Most human babesiosis cases have been reported in North America, where B. microti is the main pathogen (1). In Europe, where most infections are caused by either B. divergens or B. venatorum (2), only ≈50 human cases have been reported since 1957 (3). In Italy, only 1 case has been reported, in 2004 (4). In contrast to the paucity of clinically relevant cases, results from a seroprevalence study in Spain suggest that human infection might be more common; seroreactivity up to 39.2% in tick-exposed persons has been reported (5).
The growing use of molecular techniques is enabling new insights into the epidemiology of Babesia spp. in wildlife and domestic animals (6), as well as enabling identification of species that were previously unreported in humans, such as B. bovis and B. canis (7). We describe 3 clinical cases of human babesiosis that occurred in a northern region of Italy. All patients provided written consent for the use of their medical records for scientific research purposes at the time of hospital admission according to local legislation.

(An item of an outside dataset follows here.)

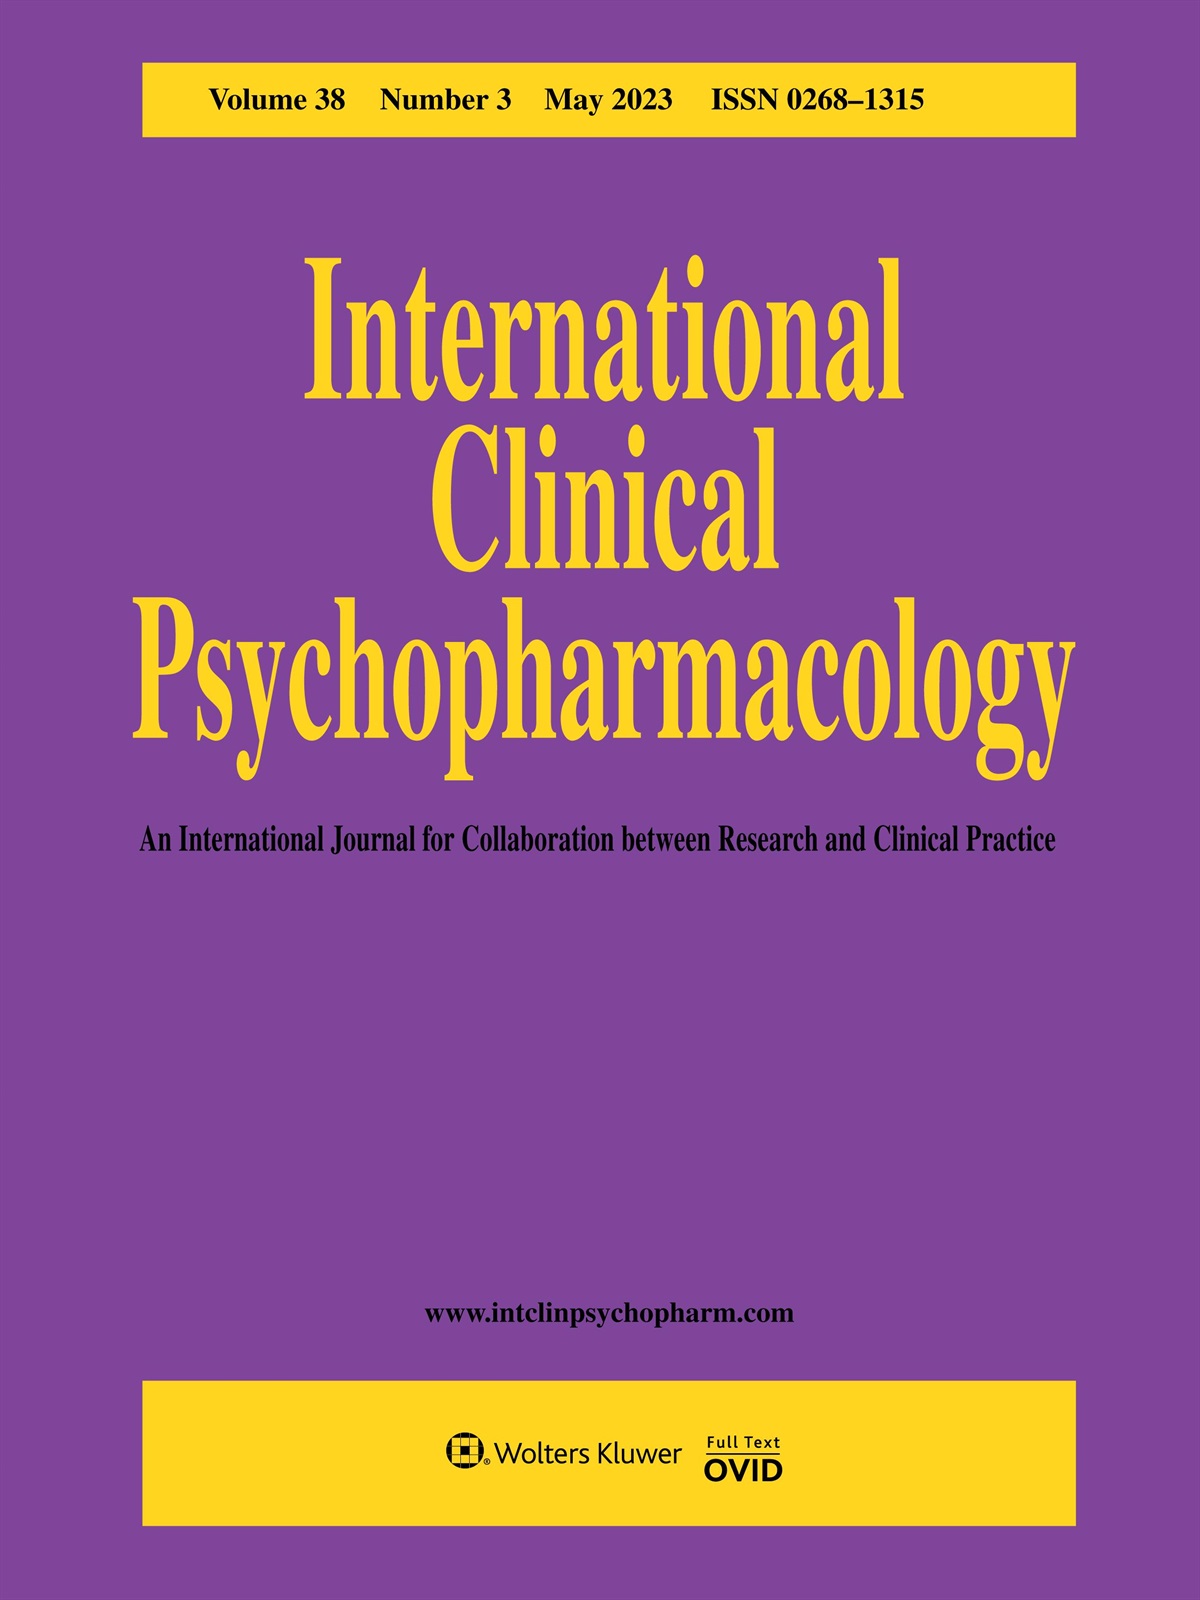 Interplay of environmental and clinical factors in psychiatric disorders

To molecularly identify Babesia and Theileria spp. parasites, we extracted total genomic DNA from 200 µL of whole blood in EDTA by using the GenElute Mammalian Genomic DNA Miniprep Kit (Sigma-Aldrich, https://www.sigmaaldrich.com) according to the manufacturer’s instructions. We performed direct molecular detection of Babesia and Theileria spp. DNA by using a seminested PCR protocol targeting a 400-bp fragment of the V4 hypervariable region of the 18S ribosomal RNA gene, as previously described (6). We purified PCR positive samples by using the QIAquick PCR Purification Kit (QIAGEN, https://www.qiagen.com). Macrogen (http://www.macrogen.com) directly sequenced both DNA strands. We compared the sequences with those in Genbank by using BLAST (https://blast.ncbi.nlm.nih.gov) and used ClustalX software (http://www.clustal.org) to construct multiple sequence alignments. We analyzed the phylogenetic relationships of Babesia spp. isolates by using the maximum-likelihood method and the Jukes-Cantor model with 1,000 bootstrap replicates. We performed nested PCR for Plasmodium spp. detection, as previously described (8).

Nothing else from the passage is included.